The Millennium Challenge Corp., a U.S. foreign aid agency created by Congress in 2004, mandated that El Salvador to adopt measures to “promote a business-friendly environment” and court private investment. This includes efforts to privatize public programs such as education and health care as well as community resources, including water, though the government has so far resisted privatizing these services. Previous assurances that neoliberal policies such as the Central American Free Trade Agreement would facilitate development and economic opportunity have failed to pan out.

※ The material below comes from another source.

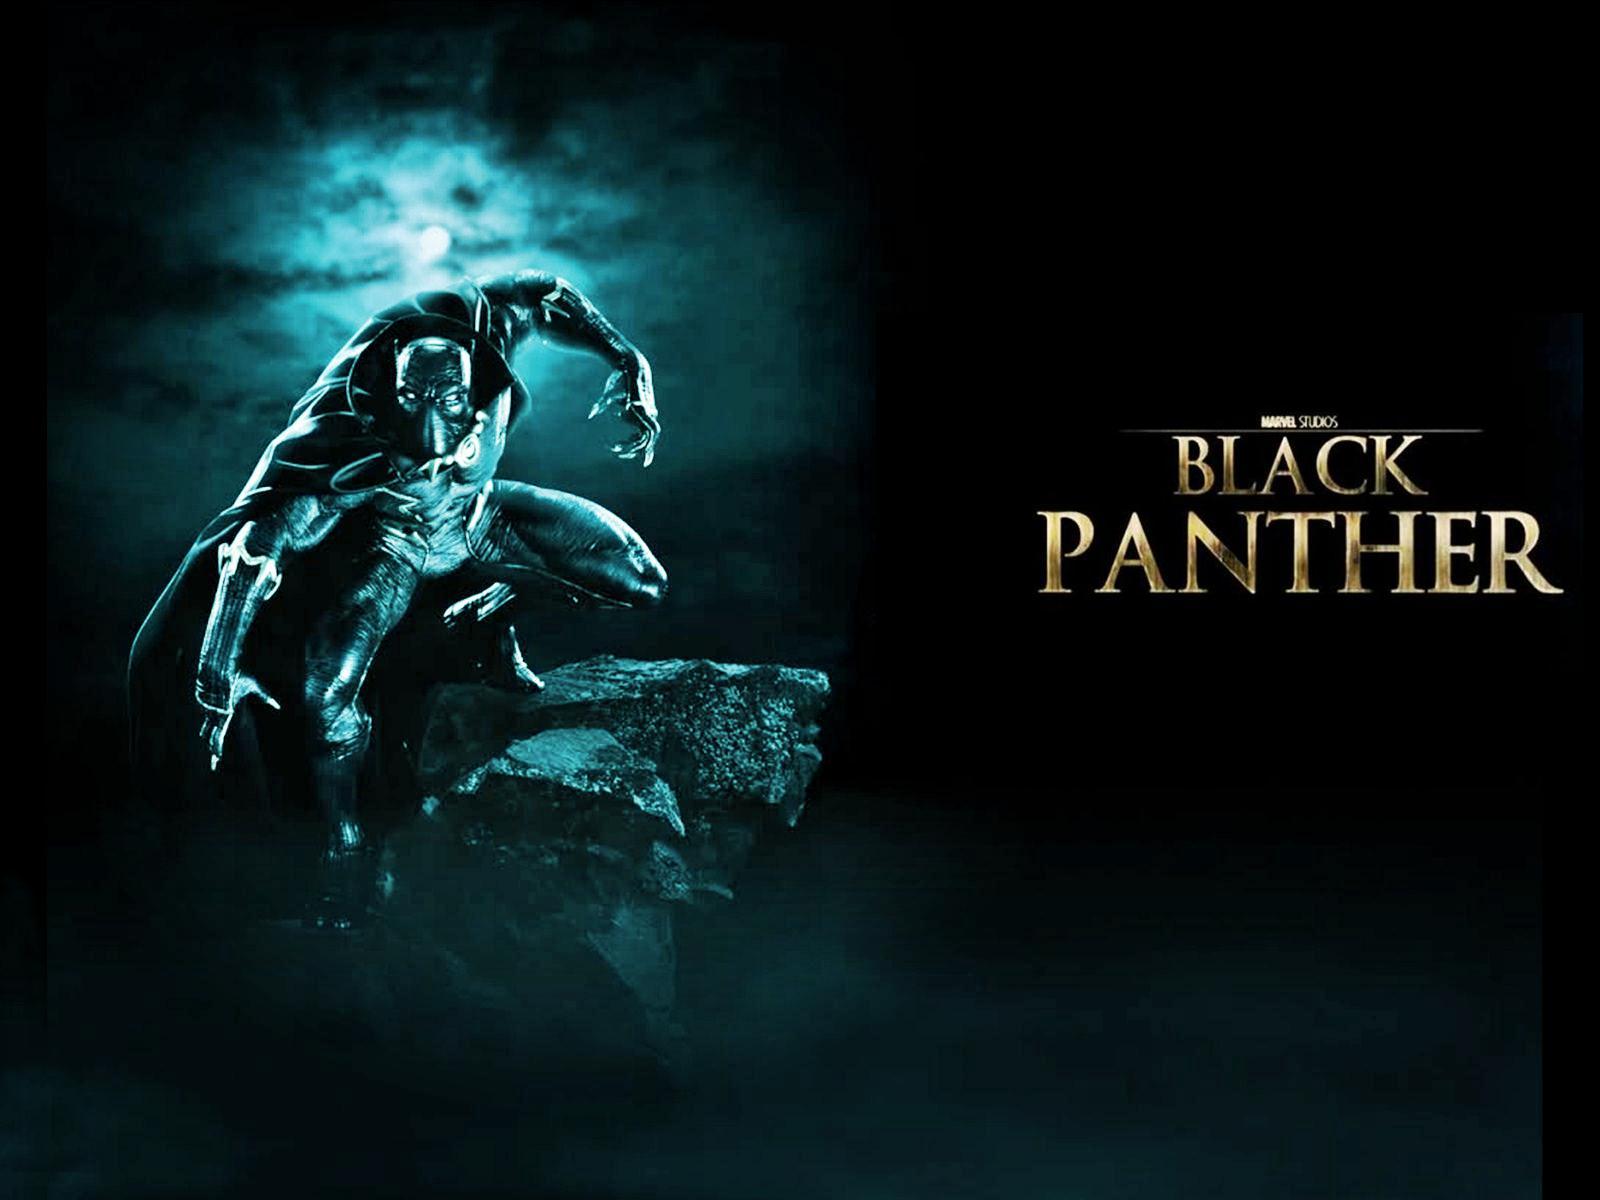 44 Black Panther Hd Wallpaper On Wallpapersafari

The majority of the funding for the plan will come from the Inter-American Development Bank and other multilateral development banks. But past projects in the region funded by these institutions have been marred by forced displacement and egregious human rights abuses, including massacres of civilians.
Still, it is difficult to categorically reject aid that could, if appropriately deployed, ameliorate abject suffering. But Obama’s prosperity plan relies largely on strategies that have proved damaging to the welfare, security and dignity of the region’s impoverished people. And Washington’s track record offers no reason to believe that the positive aspects of the plan would be administered with the robust community participation and careful oversight necessary for its success.